ARFF_TO_PQ_CODE_DIR=/path/to/minio-data # Root of https://github.com/openml-labs/minio-data on your computer
ARFF_TO_PQ_APP=/app # Always set this to /app. Leave empty if you leave ARFF_TO_PQ_CODE_DIR empty
CROISSANT_CODE_DIR=/path/to/openml-croissant/python # Python directory of https://github.com/openml/openml-croissant on your computer
CROISSANT_APP=/app # Always set this to /app. Leave empty if you leave CROISSANT_CODE_DIR empty
FRONTEND_CODE_DIR=/path/to/openml.org # Python directory of https://github.com/openml/openml.org on your computer
FRONTEND_APP=/app # Always set this to /app. Leave empty if you leave FRONTEND_CODE_DIR empty
You can run the openml-python code on your own local server now!
docker run --rm -it -v ./config/python/config:/root/.config/openml/config:ro --network openml-services openml/openml-python
For an example of manual tests, you can run:
import openml
from openml.tasks import TaskType
from openml.datasets.functions import create_dataset
import pandas as pd
import numpy as np
df = pd.DataFrame(np.random.randint(0,100,size=(100, 4)), columns=list('ABCD'))

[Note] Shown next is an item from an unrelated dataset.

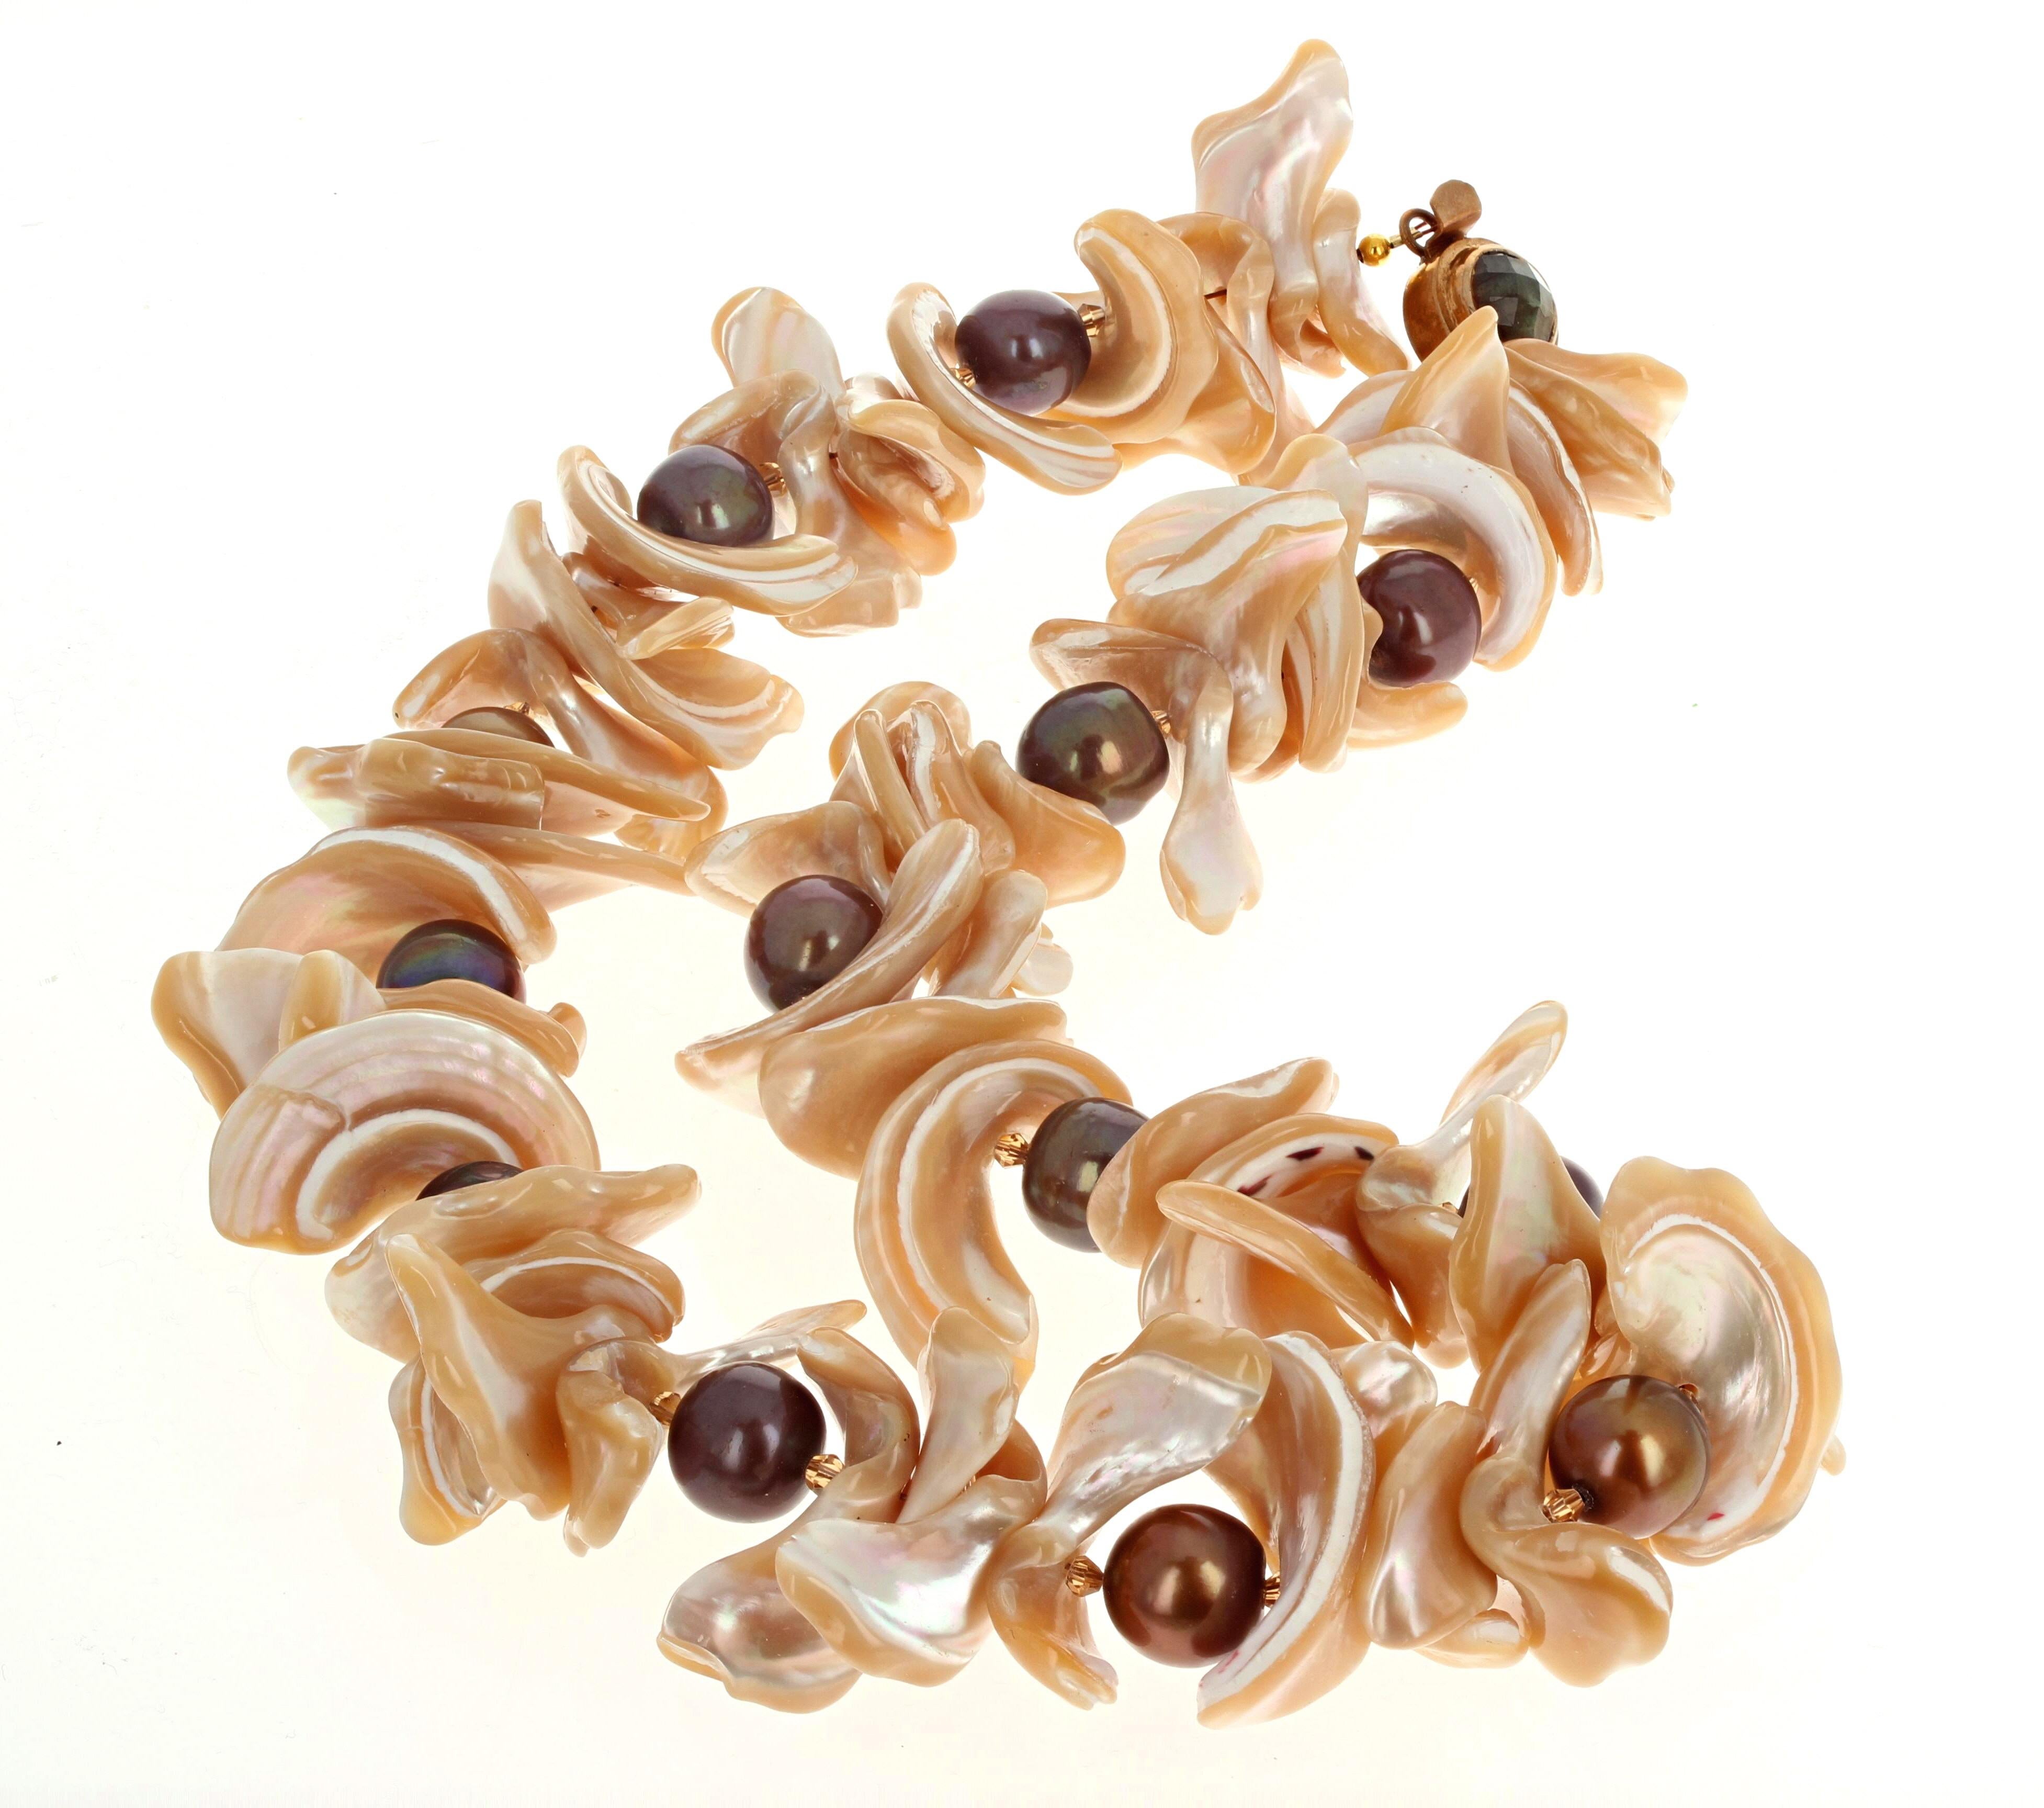 Ces magnifiques coquilles de perles entourent les vraies perles de culture rondes et brillantes de différentes couleurs.  Les plus grandes coquilles mesurent environ 30 mm de long.  Les perles sont rondes d'environ 12 mm.  Ce collier de 19 pouces de
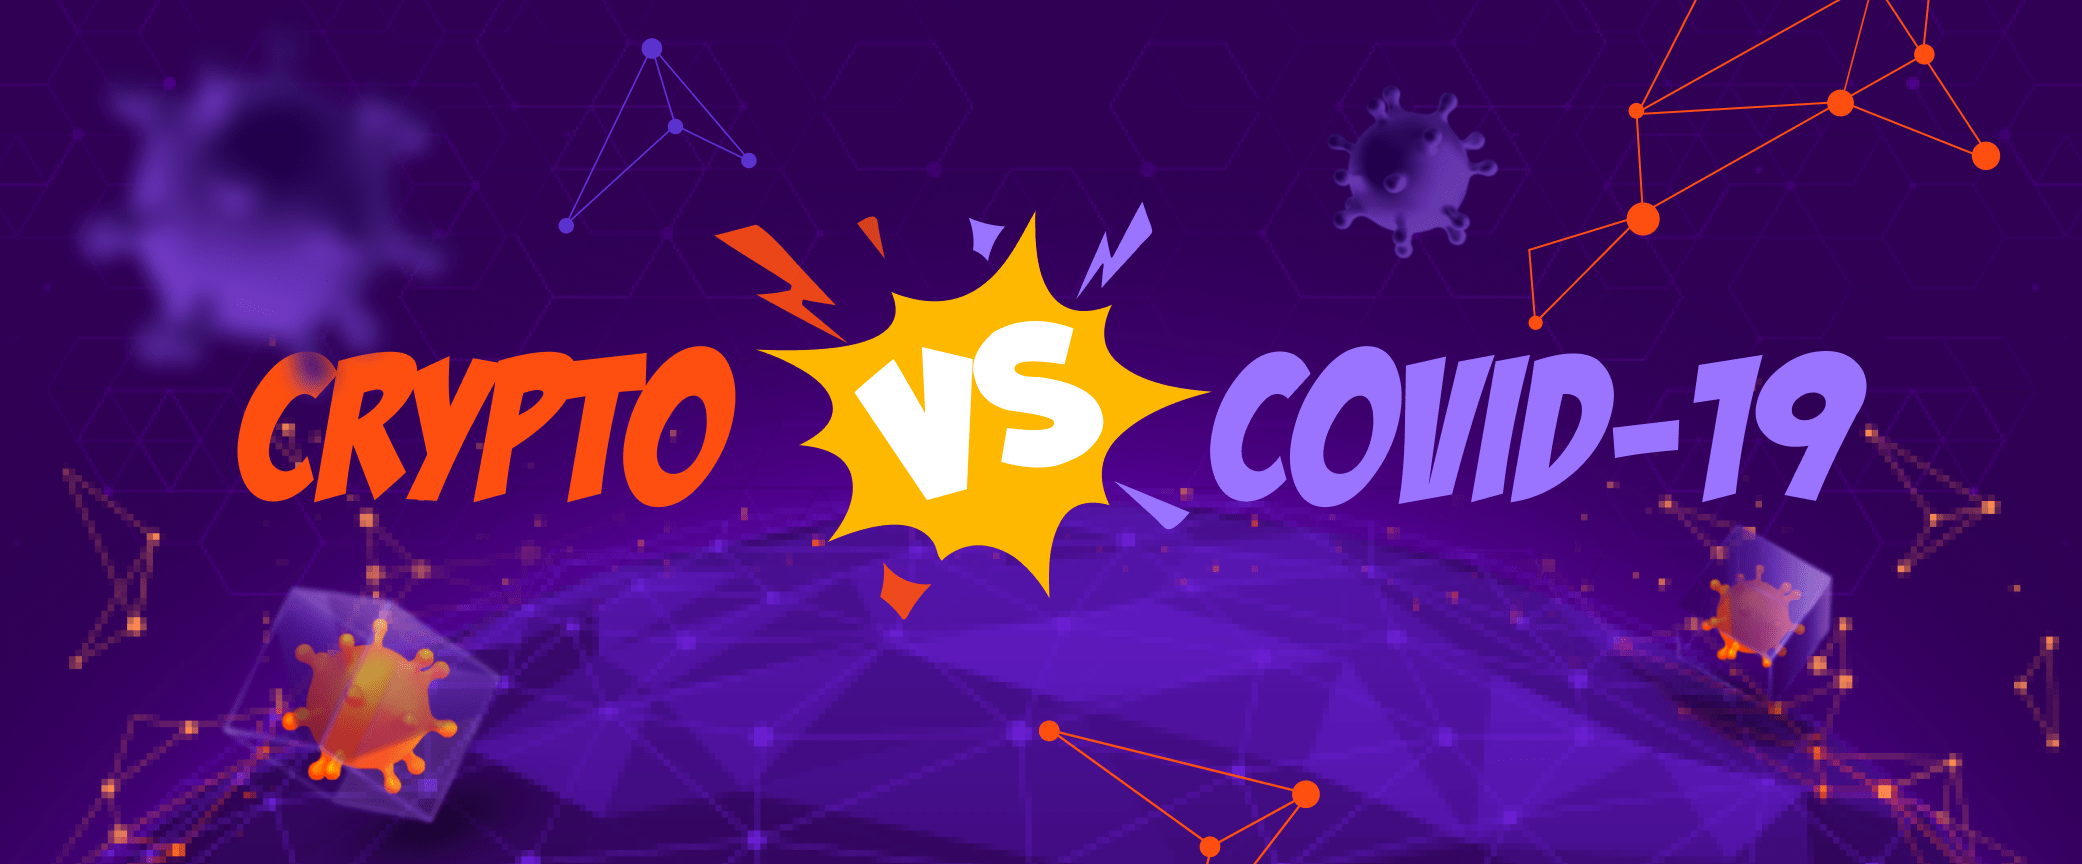 Crypto vs COVID-19: Bitcasino raises 20BTC donation

df["class"] = ["test" if np.random.randint(0, 1) == 0 else "test2" for _ in range(100)]
df["class"] = df["class"].astype("category")
dataset = create_dataset(
name="test_dataset",
description="test",
creator="I",
contributor=None,
collection_date="now",
language="en",
attributes="auto",
ignore_attribute=None,
citation="citation",
licence="BSD (from scikit-learn)",
default_target_attribute="class",
data=df,
version_label="test",
original_data_url="https://www4.stat.ncsu.edu/~boos/var.select/diabetes.html",
paper_url="url",
)
dataset.publish()
# Meanwhile you can admire your newly created dataset at http://localhost:8000/search?type=data&id=[dataset.id]
# Wait a minute until dataset is active
my_task = openml.tasks.create_task(
task_type=TaskType.SUPERVISED_CLASSIFICATION,
dataset_id=dataset.id,
target_name="class",
evaluation_measure="predictive_accuracy",
estimation_procedure_id=1,
)
my_task.publish()
# wait a minute, so that the dataset and tasks are both processed by the evaluation engine.
# the evaluation engine runs every minute.
# Meanwhile you can check out the newly created task at localhost:8000/search?type=task&id=[my_task.id]
my_task = openml.tasks.get_task(my_task.task_id)
from sklearn import compose, ensemble, impute, neighbors, preprocessing, pipeline, tree
clf = tree.DecisionTreeClassifier()
run = openml.runs.run_model_on_task(clf, my_task)
run.publish()
# wait a minute, so the the run is processed by the evaluation engine
run = openml.runs.get_run(run.id, ignore_cache=True)
run.evaluations
# Expected: {'average_cost': 0.0, 'f_measure': 1.0, 'kappa': 1.0, 'mean_absolute_error': 0.0, 'mean_prior_absolute_error': 0.0, 'number_of_instances': 100.0, 'precision': 1.0, 'predictive_accuracy': 1.0, 'prior_entropy': 0.0, 'recall': 1.0, 'root_mean_prior_squared_error': 0.0, 'root_mean_squared_error': 0.0, 'total_cost': 0.0}
If you want to develop a service that depends on any of the services in this docker-compose, just bring up this docker-compose and point your service to the correct endpoints.